Yet Haskell himself, working with Superintendent John W. (Bill) Wade, had built up Shenandoah's natural resource management program to include a sizable contingent of ecologists, biological technicians, and data management personnel. The park's inventorying and monitoring of flora and fauna, begun in the mid-1980s, made steady progress; so did its air and water quality programs. Among the ecological processes that the park began to monitor were stream aquatic habitat, watershed acidification, forest response to gypsy moth infestations, and deciduous forest watershed dynamics. Integrated into park operations, Shenandoah's natural resource program became one of the most effective in the system—and the kind of expertise and inquiry it utilizes today is mirrored by that of Channel Islands, Sequoia—Kings Canyon, and Yellowstone, among other parks.

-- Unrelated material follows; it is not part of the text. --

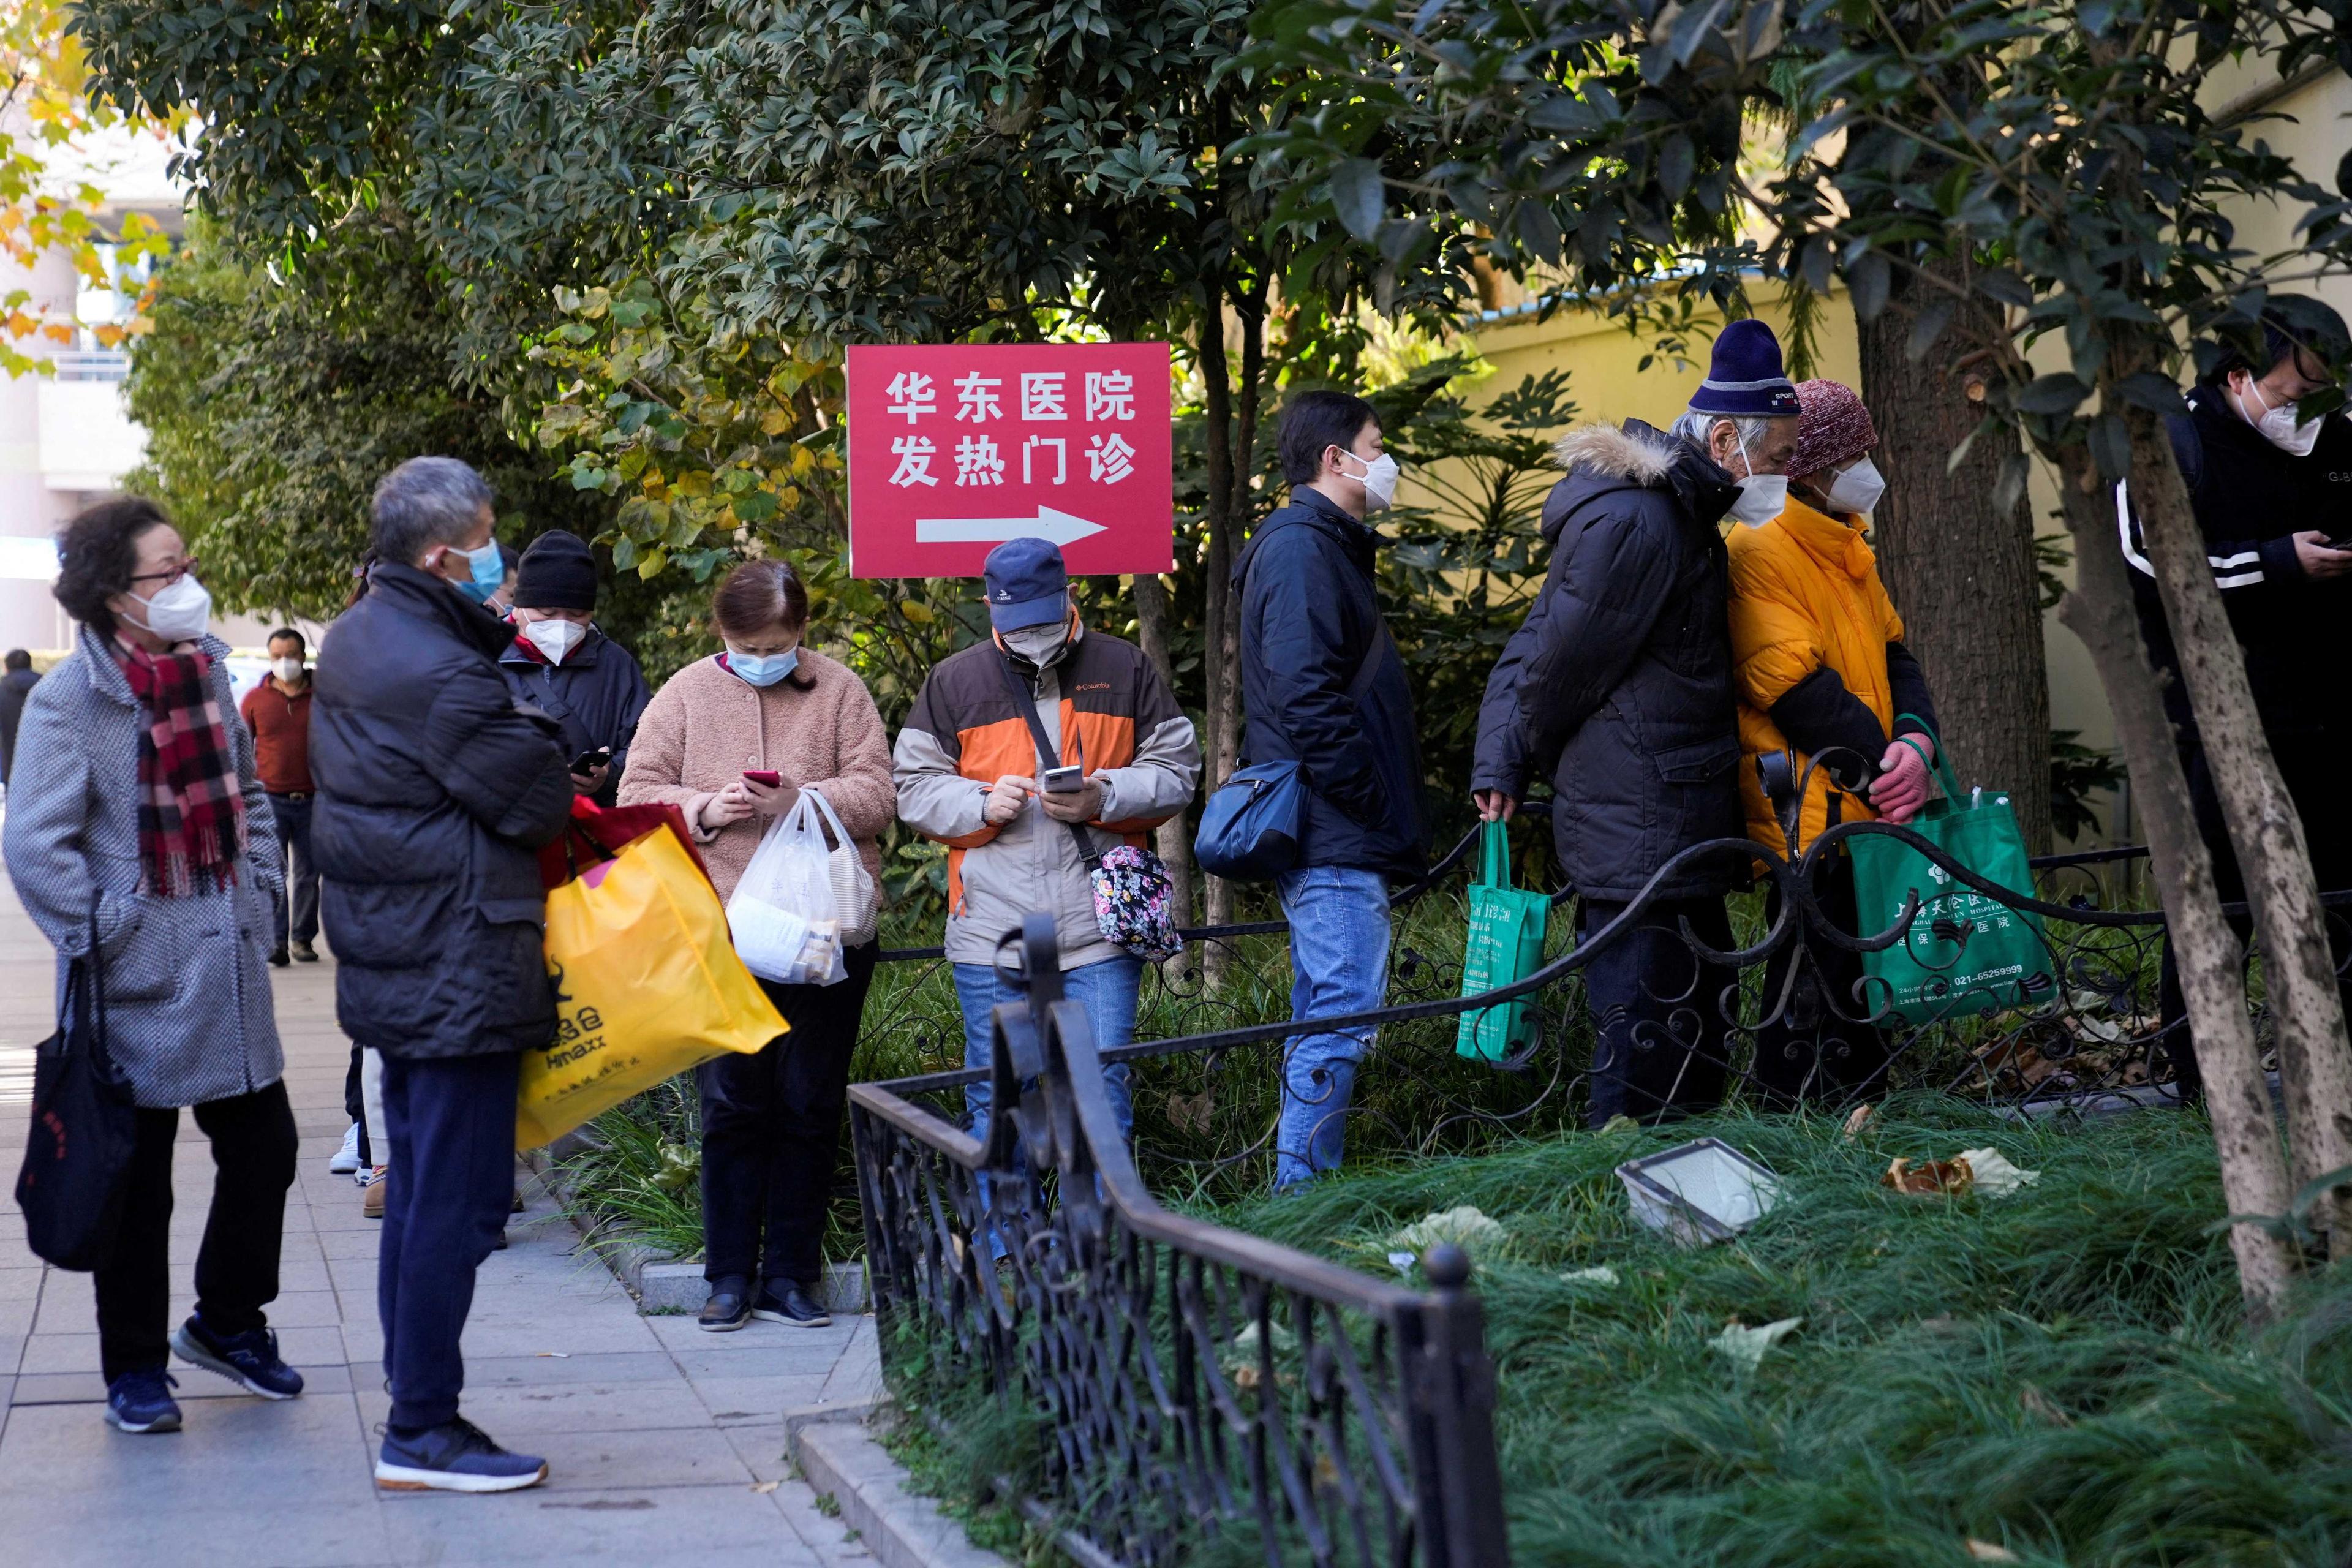 People wearing protective masks line up outside a fever clinic of a hospital, as Covid-19 outbreaks continue in Shanghai, China, Dec 20. Photo: Reuters

While these parks made substantial advancement, many did not. Despite gains in recent years, a 1995 Washington office report noted a need for properly trained natural resource management specialists throughout the park system. Overall, the Service had an average of just over one per park; but the report added that, in truth, "there are a few specialists in a handful of parks and no specialists in many parks." [10] Trained resource managers were distributed unevenly throughout the system, and programs as strong as Shenandoah's were the exception rather than the rule.

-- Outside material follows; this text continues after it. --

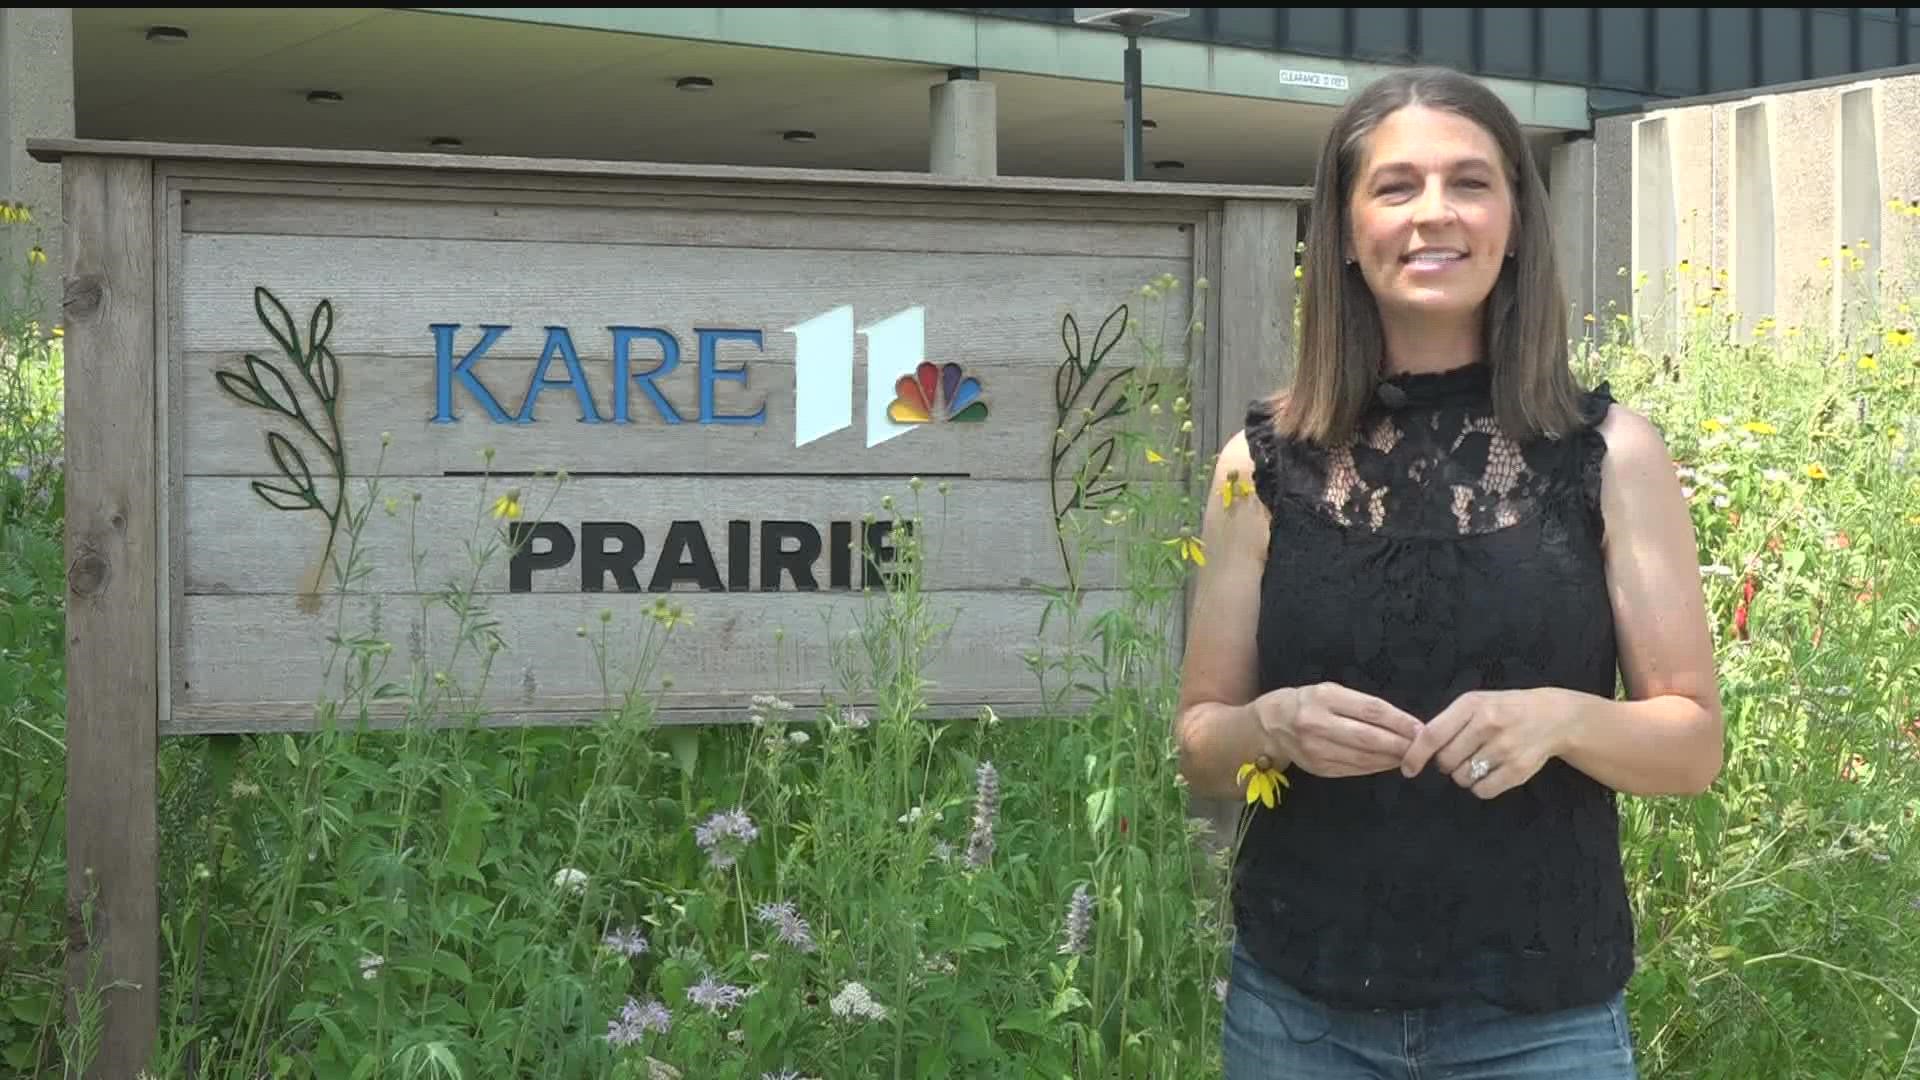 Meteorologist Laura Betker outlines the blooms coming in right outside the KARE 11 station.

This unevenness was but one factor accounting for the variability in quality of the Park Service's resource management during the 1980s and early 1990s. At Carlsbad Caverns, for instance, after the 1986 discovery of the vast lower regions of Lechuguilla Cave, the Service took a strong preservation stance, rejecting proposals to open the cave to tourism. Instead, it determined Lechuguilla's pristine natural habitat to be worthy of scientific exploration and study rather than subjecting it to the kind of intensive public use permitted in other of the park's caves. Exploration revealed a variety of rare geological, paleontological, and biological features, plus more than eighty miles of passages, making it the seventh-longest known cave in the world and the deepest limestone cave in the country. Well before the discovery, the park had established a special cave resource management position, the first such position in the Service. The incumbent, Ronal C. Kerbo, gained the park's support for having Lechuguilla officially designated a wilderness cave, which would have been the first designation of this kind. The effort proved unsuccessful, however, owing to both internal and external doubt about separately designating subsurface wilderness beneath an existing wilderness designation on the surface. Lechuguilla's prominence and the management debates it engendered helped prompt the Service to create a national cave management specialist position to assist park managers across the system with similar issues. [11]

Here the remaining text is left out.